Days turn into weeks and you notice that things have quieted down around the neighbours’ house and the for sale sign remains. It seems the initial excitement brought people in droves but now only the occasional buyer visits. Your assumption is that there must be something wrong with the house. You decide that it’s time to call us here at The Mullin Group and ask us to come out and provide you with a market evaluation because you know that your house is worth a lot more than the neighbours’. You have maintained your home and added numerous improvements over the years. If the neighbours’ house is worth what they’re asking, yours is worth much more right?
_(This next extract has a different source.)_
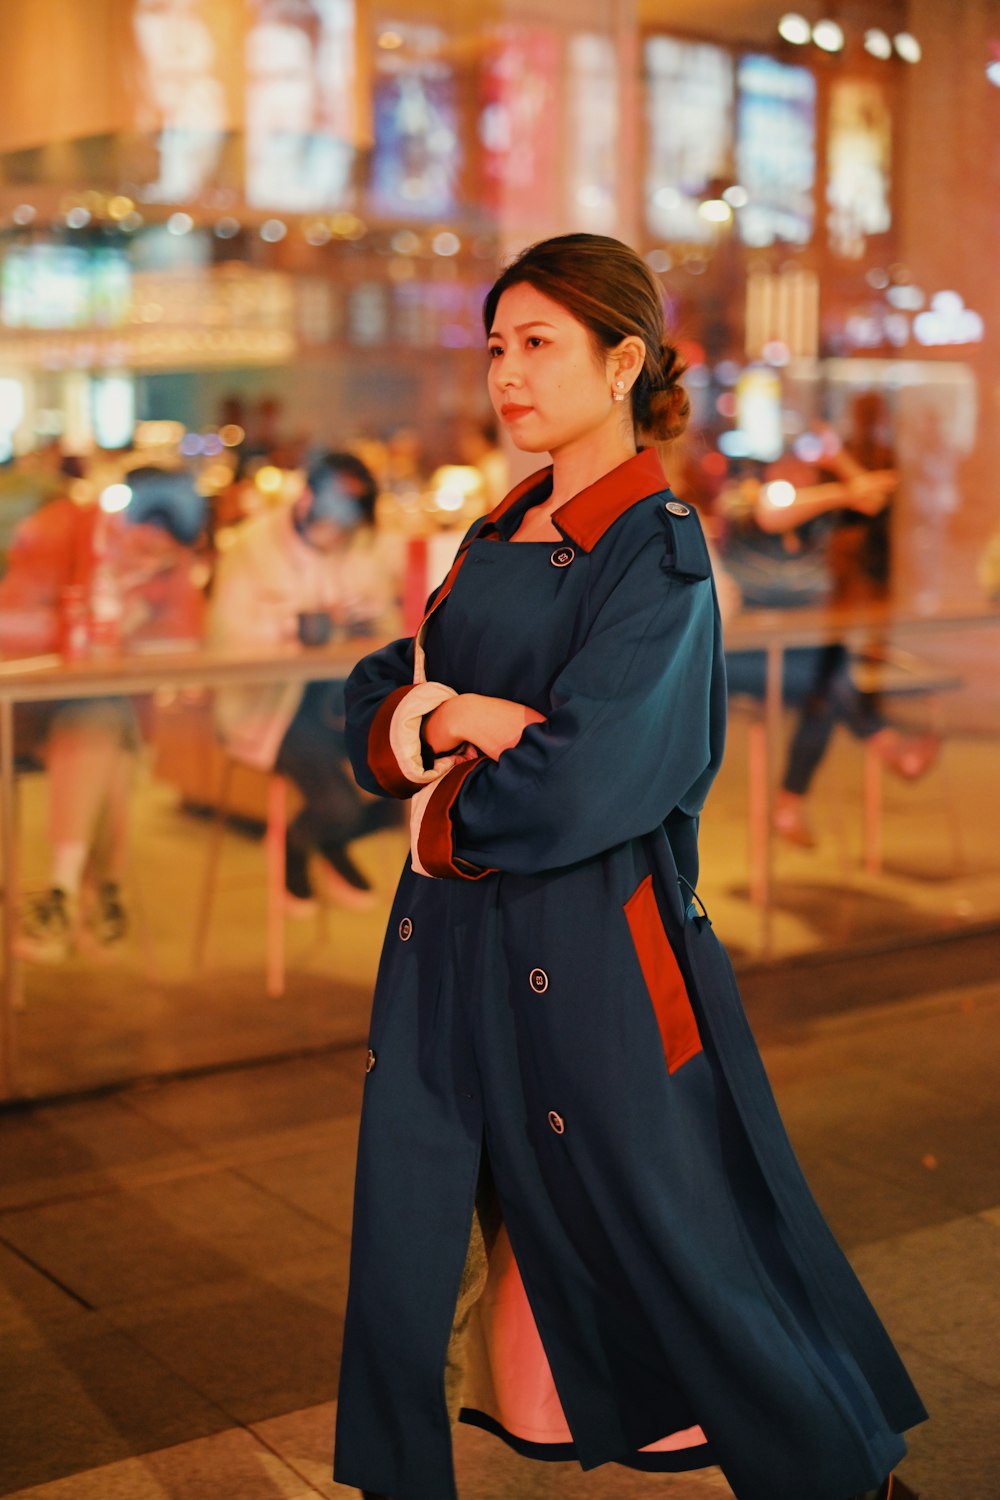 mujer con uniforme escolar azul y rojo de pie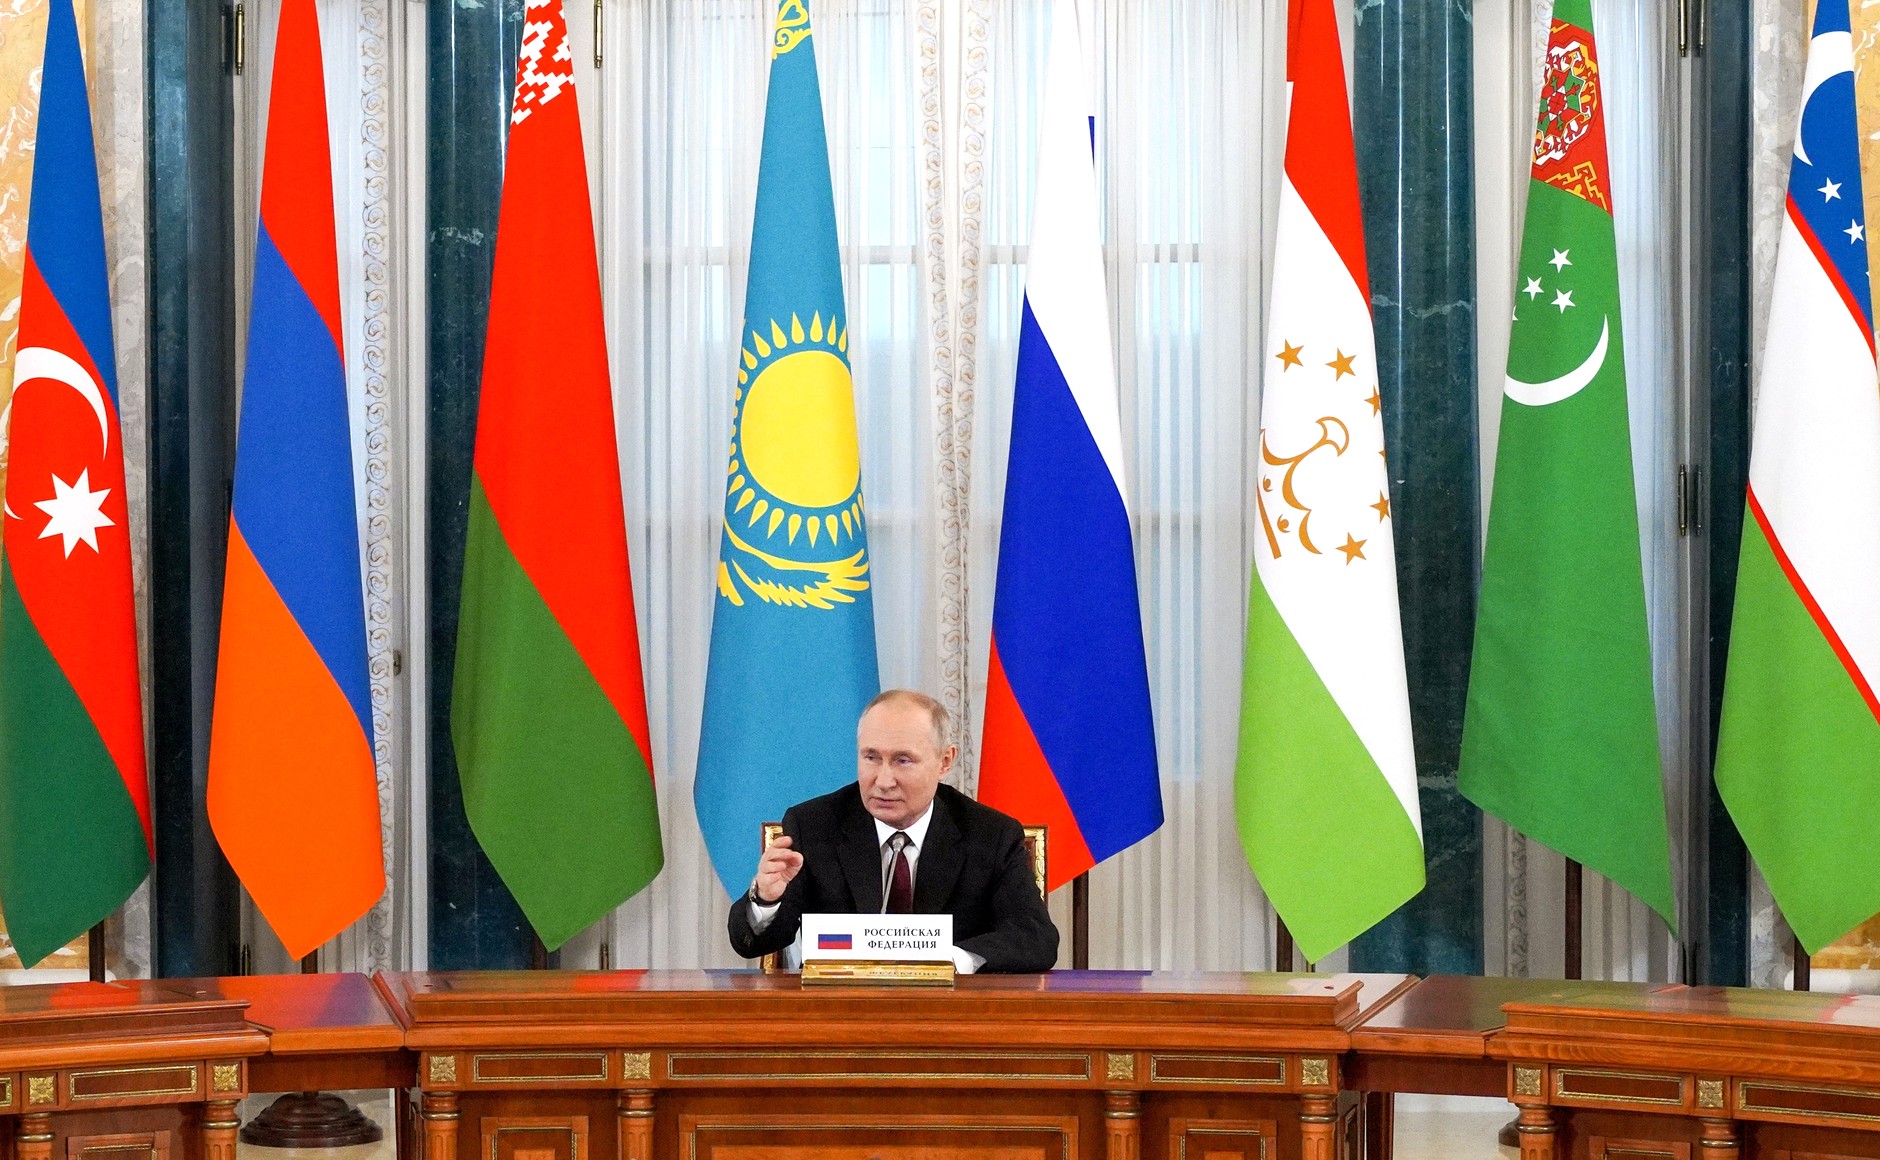 Путин заявил о необходимости выработки мер по разрешению конфликтов на пространстве СНГ

This is a fallacy that we constantly encounter. It happens when a seller or potential seller believes that their home is worth the same as, or more than a neighbours’ house that is currently on the market. Unfortunately, it is a difficult pill to swallow when we have to inform you that nothing could be further from the truth. Do you know how we determine value on a home? It has nothing to do with any property that is currently for sale. It has everything to do with homes that have sold and… it’s not a number we pull out of the air, it’s a number that we estimate that an educated buyer would be willing to pay for your home based on similar homes that have sold. That’s right; it’s the market that determines the value we place on your home. What other similar properties in your neighbourhood have sold for. We have to factor in all the similarities and differences and assign a value to each characteristic that either increases or decreases the value based on past sales.
Why is it then that your Orangeville home’s value could be lower than the current list price of your neighbour? Well, some agents would prefer to take an overpriced listing (sellers desired price) in order to get the listing as opposed to losing out on getting the listing all together. This often translates into a listing that receives a lot of attention in the first couple of weeks that it’s on the market because it’s new inventory; however, after a couple of weeks of sitting things die down and showings are far and few. Often times you will notice that the price is reduced or the listing is terminated and a new agent lists it. If the price remains the same, the pattern continues. If the home is listed at market price, it sells quickly because it is the price the market determined, not the price the seller hoped for.
On the same topic, we find it funny that many homeowners are misinformed when it comes to what their neighbours’ home actually sold for. Sellers will often inflate that number or perhaps, like a game of telephone, the numbers get lost in translation.
As Realtors, we have access to all of this information and are happy to provide you with up to date sale prices on similar homes to yours and together we will determine a price that will get your home sold quickly and net you the most we can at the conclusion of the sale.